[
Lists Home |
Date Index |
Thread Index
]
Hi Patrick,
>>I'd be *very* careful about drawing any conclusions about speed up
>>from these observations. What you've done for these observations is
>>replace markup-significant characters (e.g. '<') with
>>markup-insignificant characters (i.e. '@'), effectively turning
>>whole regions of the document into plain text.
>
> I said in my post that these were observations that suggest further
> investigation. The replacement was noted on the webpage as
> simulating the result of a JITTs parser. Yes, the operation of a
> JITTs parser would be to treat regions of the document into plain
> text. Sorry if that was not explicit in our earlier treatments of
> JITTs parsing.
I understood that the *output* would be plain text, but I thought that
the *input* would be marked-up text. This wasn't the case in the
samples that you were using for your observations.
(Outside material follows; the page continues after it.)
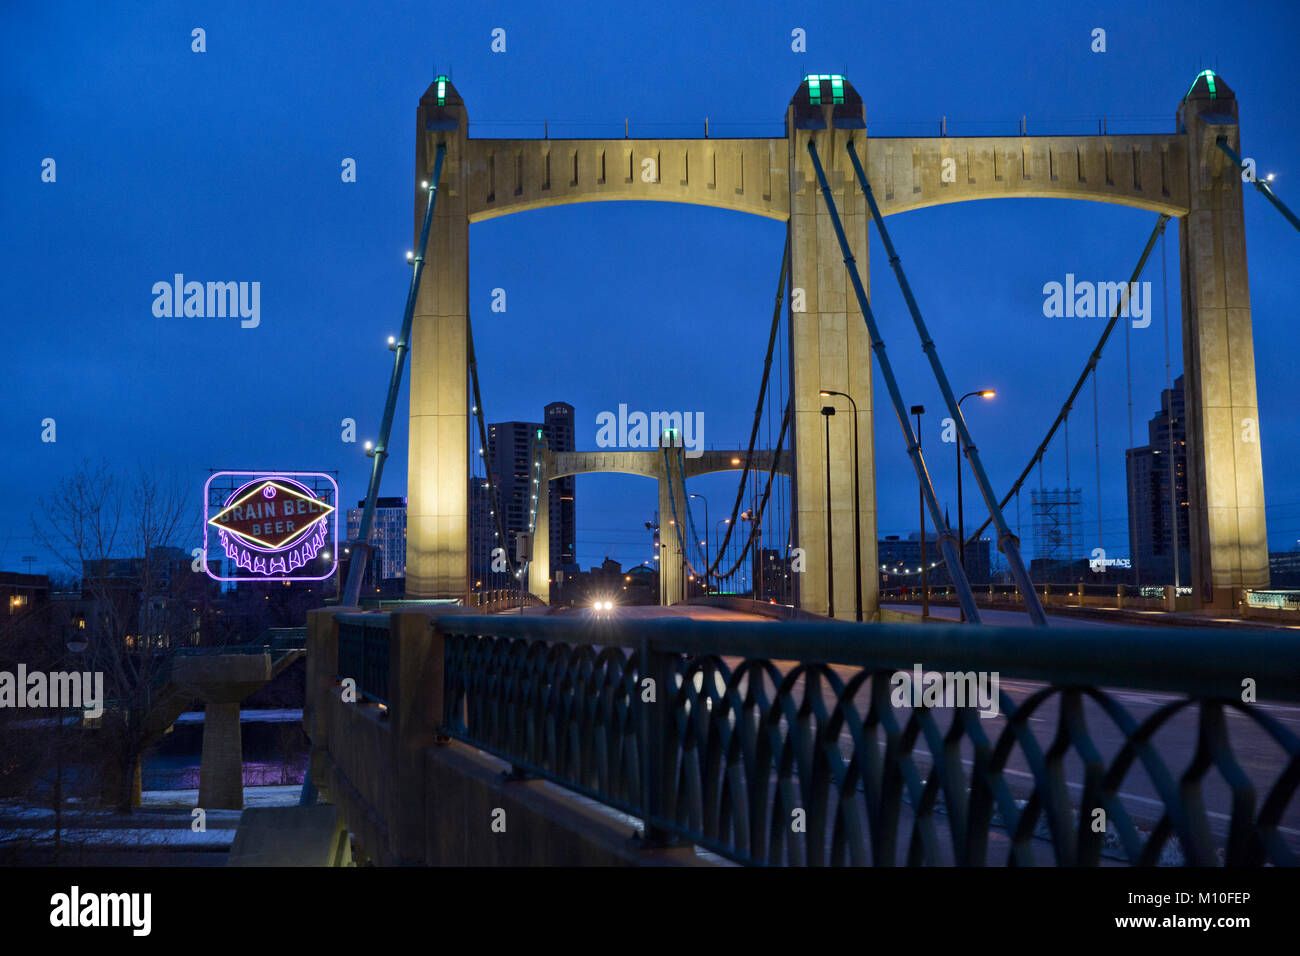 Hennepin Avenue Bridge und der legendäre Korn Gürtel Bier Schild in der Innenstadt von Minneapolis, MN - Die Brücke ist nach dem 17. Jahrhundert explorer Vater Louis benannt Stockfoto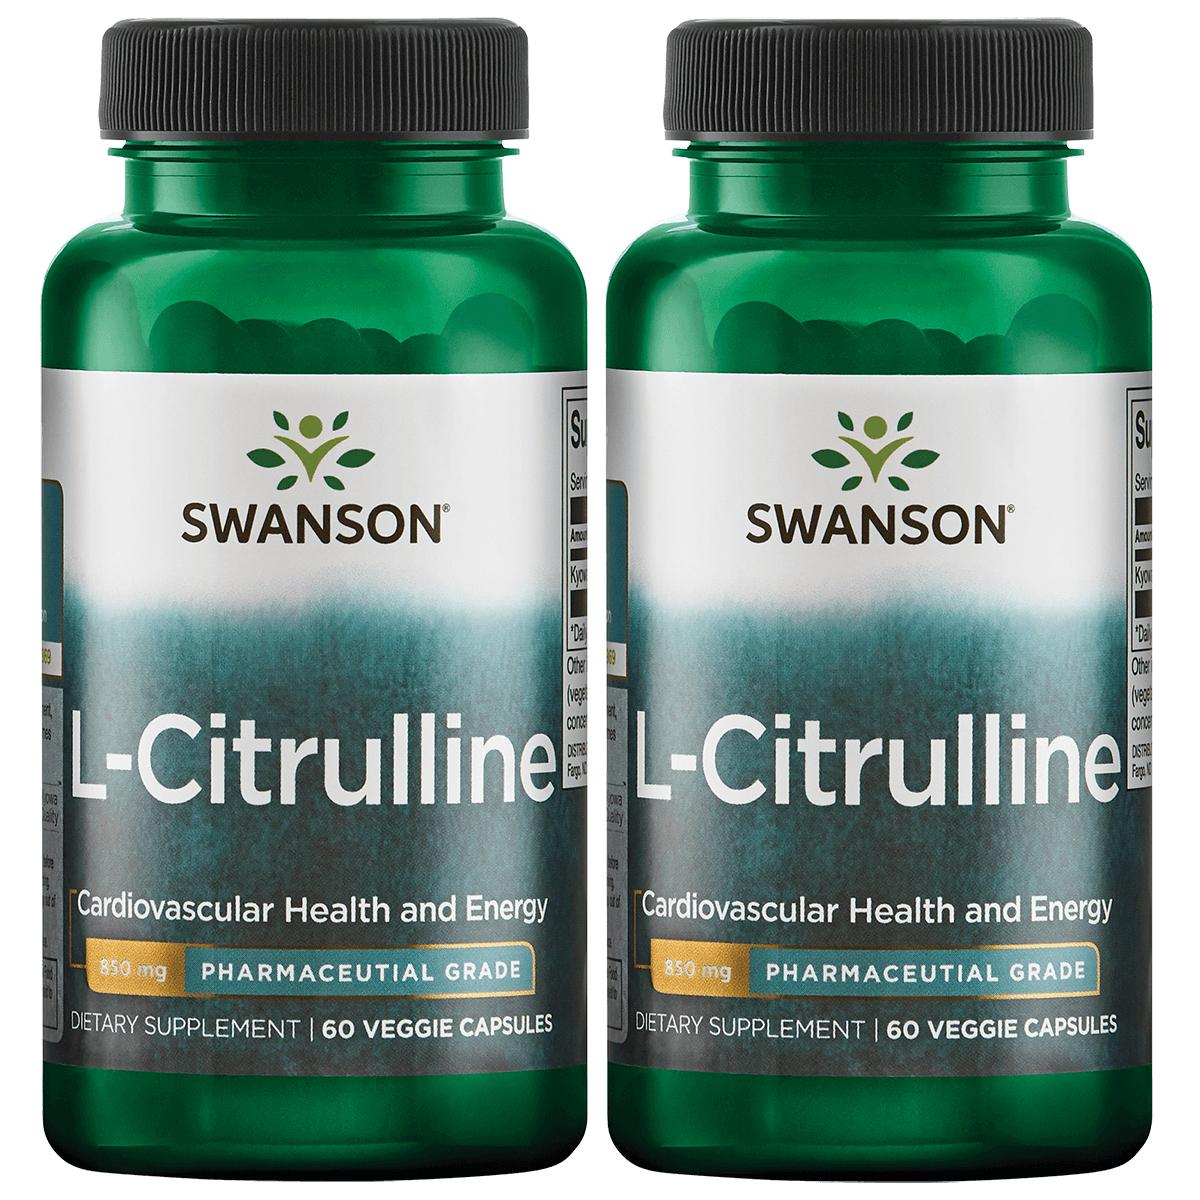 Swanson Ultra L-Citrulline - Pharmaceutical Grade 2 Pack Vitamin 850 mg 60 Veg Caps

I did see that you
characterised them as "observations" and said that you would do more
investigation, I just didn't want you or anyone else to get too
hopeful about 30x speedup on the basis of these particular
observations.
>>It wouldn't be enough to just ignore all the tags that the parser
>>came across (which is what you've done in effect). Instead, the
>>parser would have to read the tag, look at the name of the tag,
>>check that against a list (from a DTD or schema) in order to work
>>out what to do, and then either generate a "start/endElement" event
>>or generate a "characters" event (to report the tag as a string)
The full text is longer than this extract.